▶ Description of the task
Repeat only the lines from the one containing "Happy And Sad Faces Clip Art Gclipart Com" to the final line below, exactly as they read, and leave every picture out.

▶ Data section
*** Block opens ***

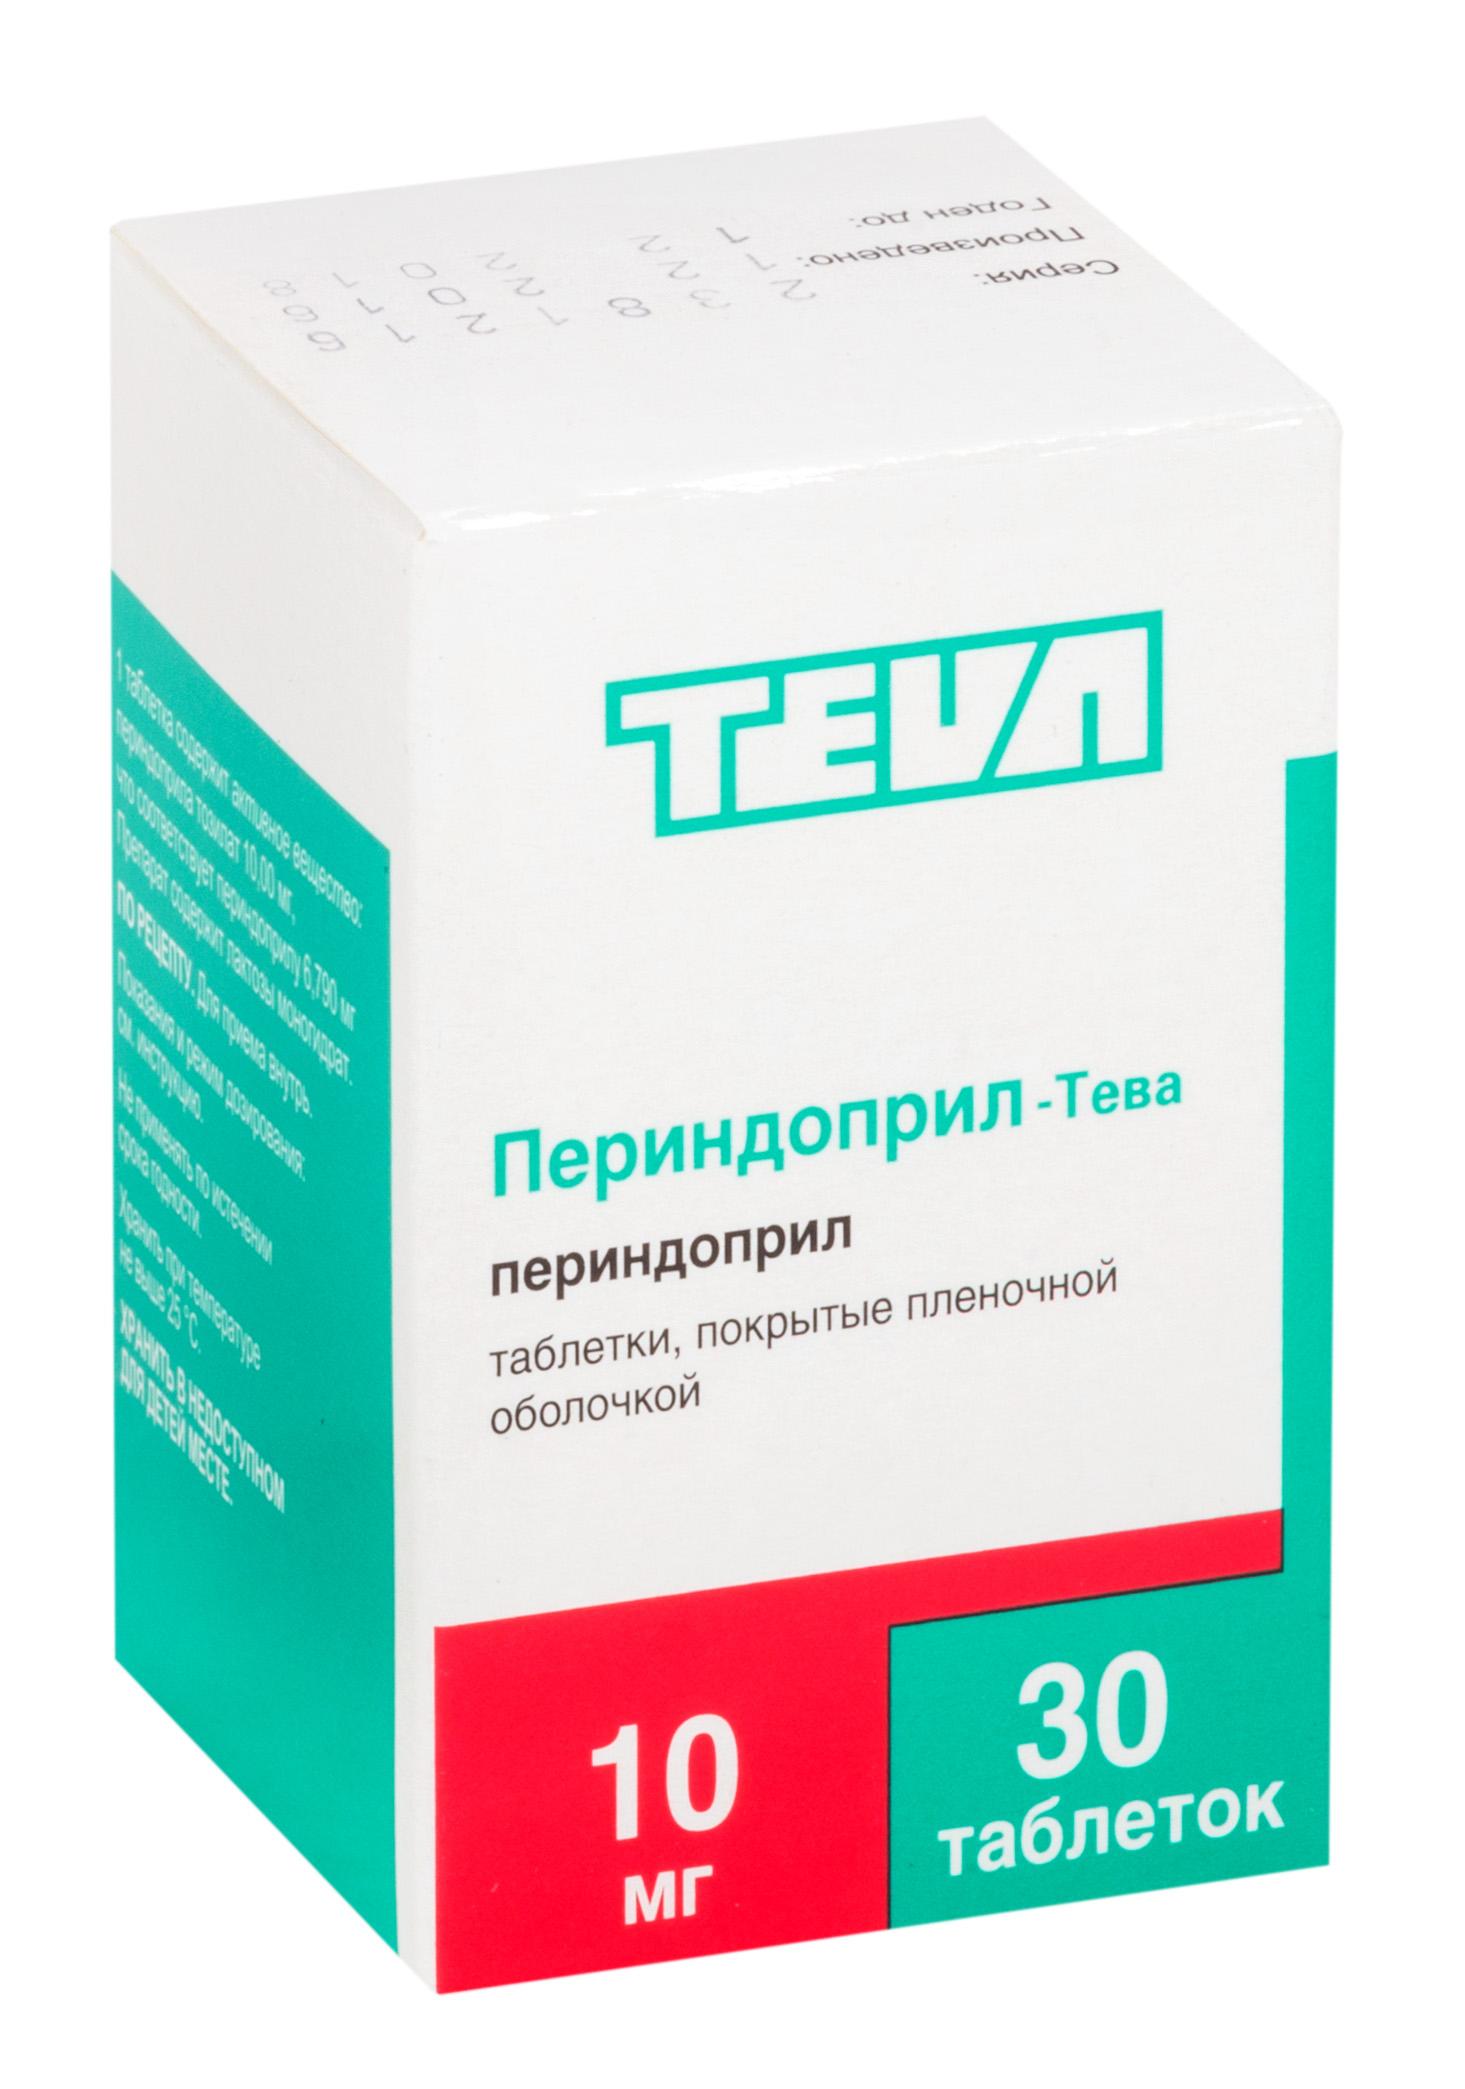 Периндоприл-тева таб. п/о плен. 10мг №30
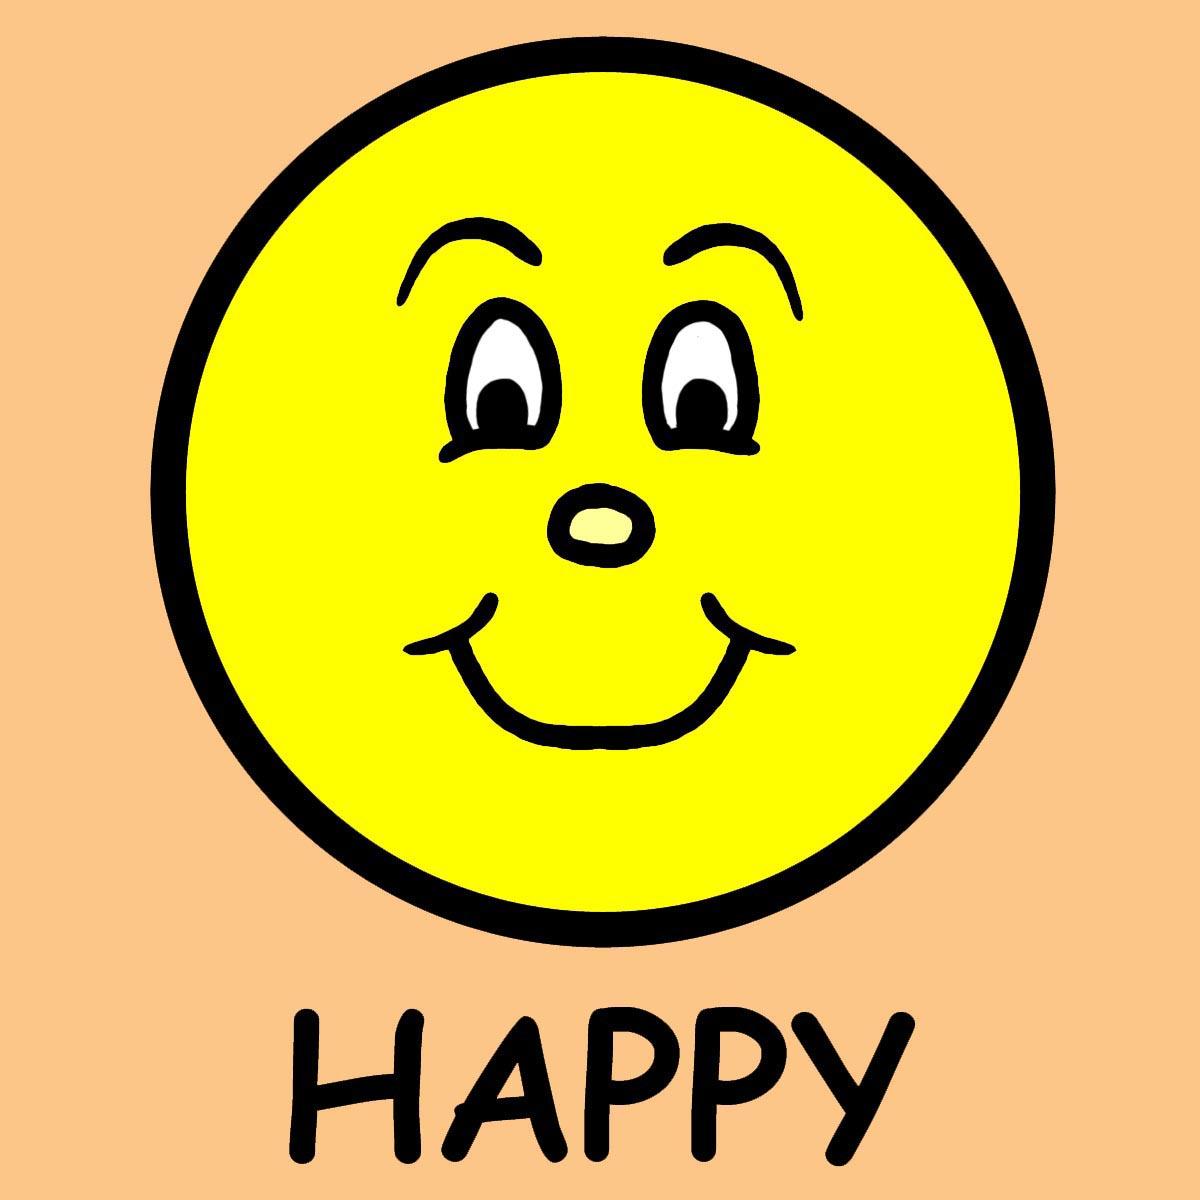 Happy And Sad Faces Clip Art Gclipart Com
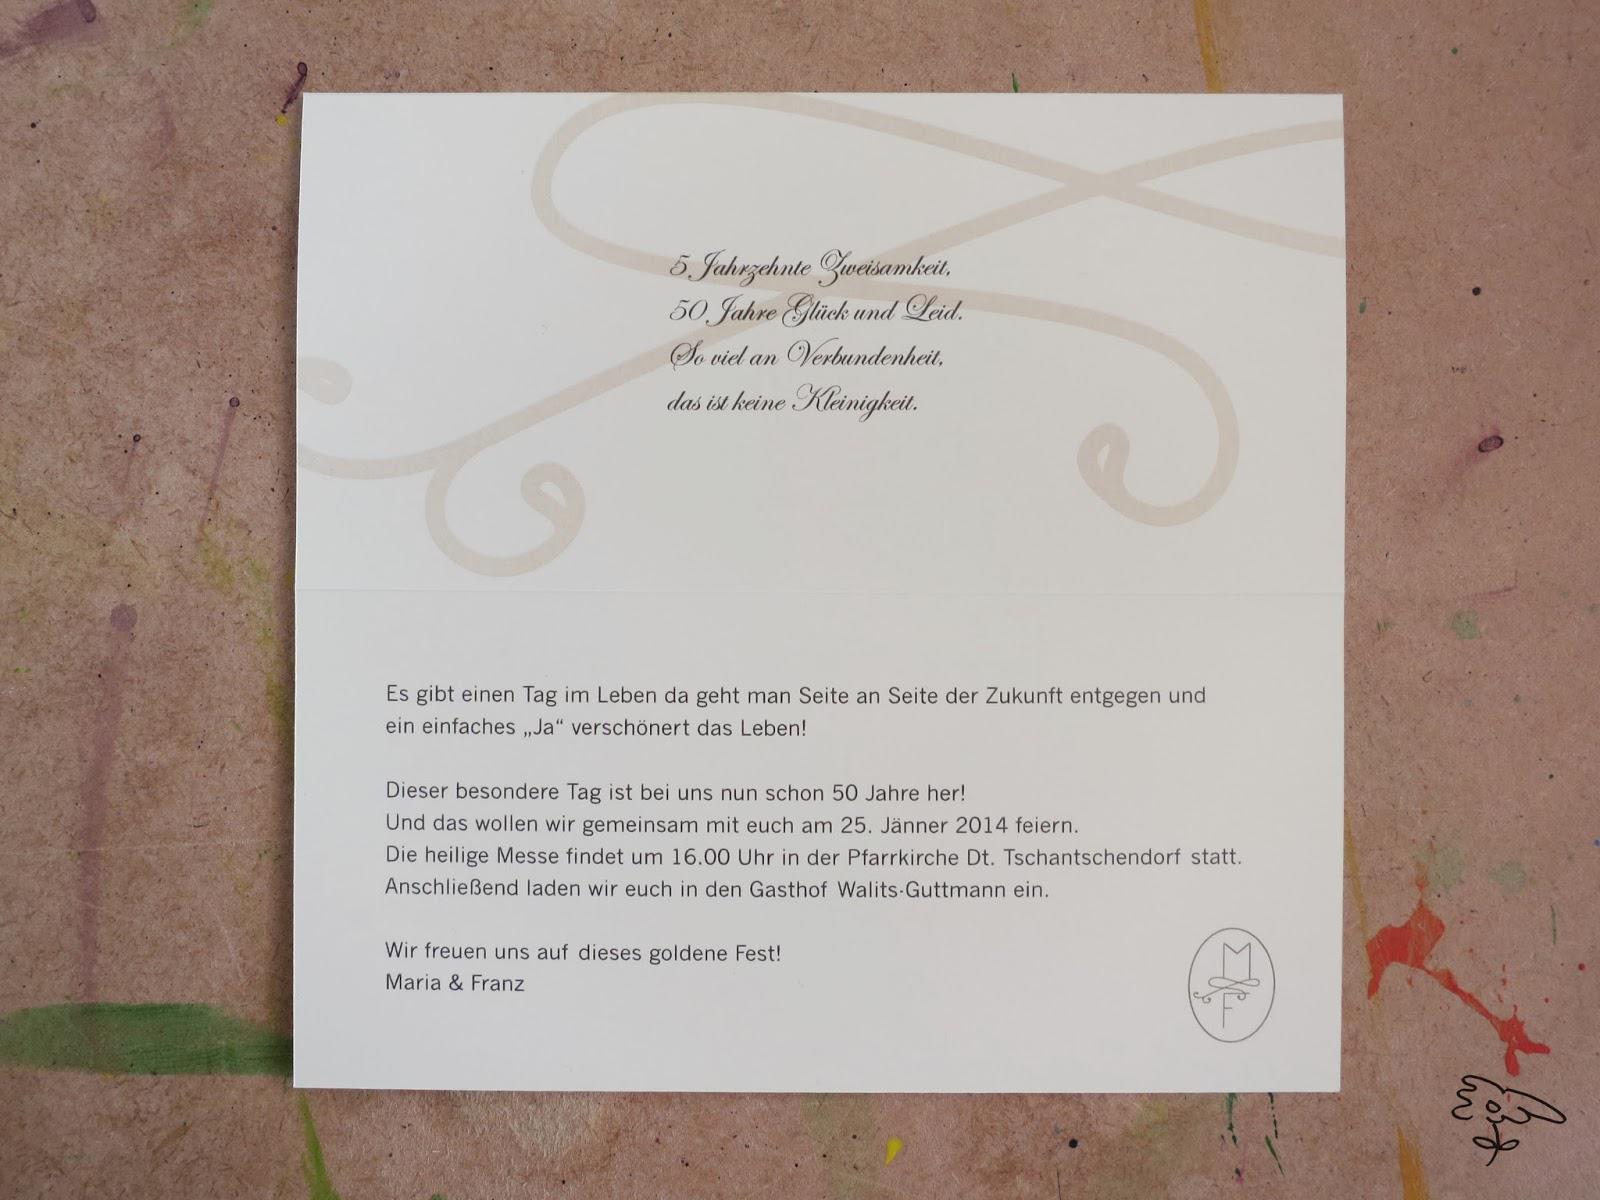 Einladungskarten Goldene Hochzeit Kostenlos Ausdrucken  Einladungskarten Goldene Hochzeit

*** Block closes ***

▶ Answer to this task
 Happy And Sad Faces Clip Art Gclipart Com
 Einladungskarten Goldene Hochzeit Kostenlos Ausdrucken  Einladungskarten Goldene Hochzeit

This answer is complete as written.